Information supplied >>

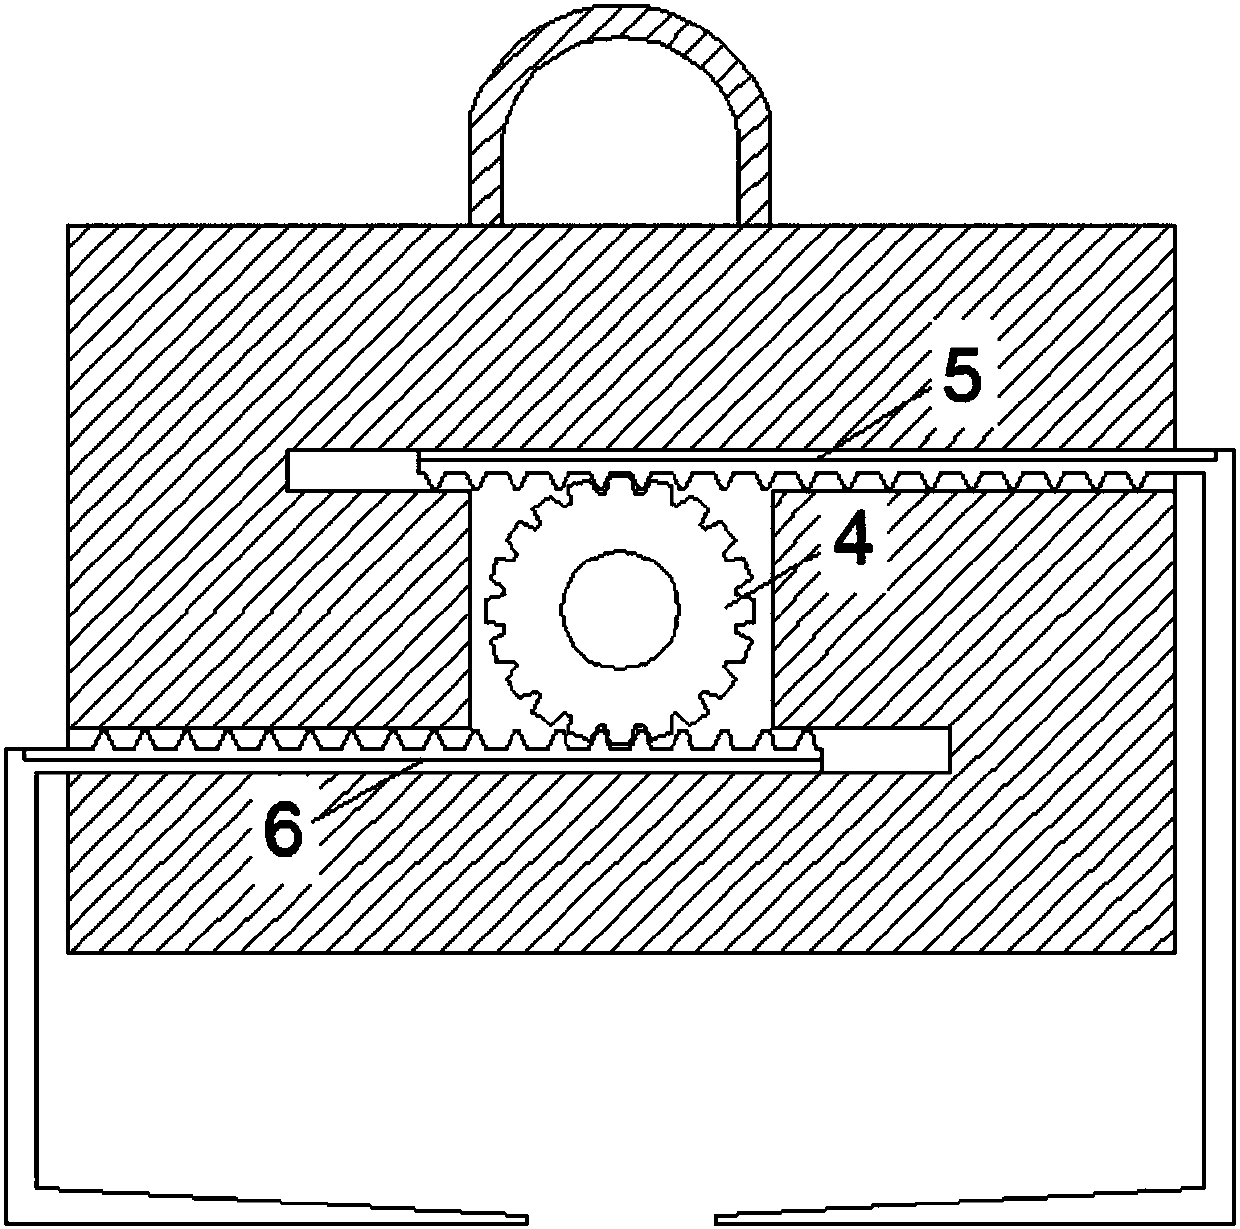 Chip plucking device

...

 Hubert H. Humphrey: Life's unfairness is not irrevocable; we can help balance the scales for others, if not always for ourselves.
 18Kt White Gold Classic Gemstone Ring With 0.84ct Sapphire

Try it >>
What is asked for is an exact copy of the lines above from the one containing "Hubert H. Humphrey: Life's" through the one containing "18Kt White Gold", and only those.

Result of this exercise >>
 Hubert H. Humphrey: Life's unfairness is not irrevocable; we can help balance the scales for others, if not always for ourselves.
 18Kt White Gold Classic Gemstone Ring With 0.84ct Sapphire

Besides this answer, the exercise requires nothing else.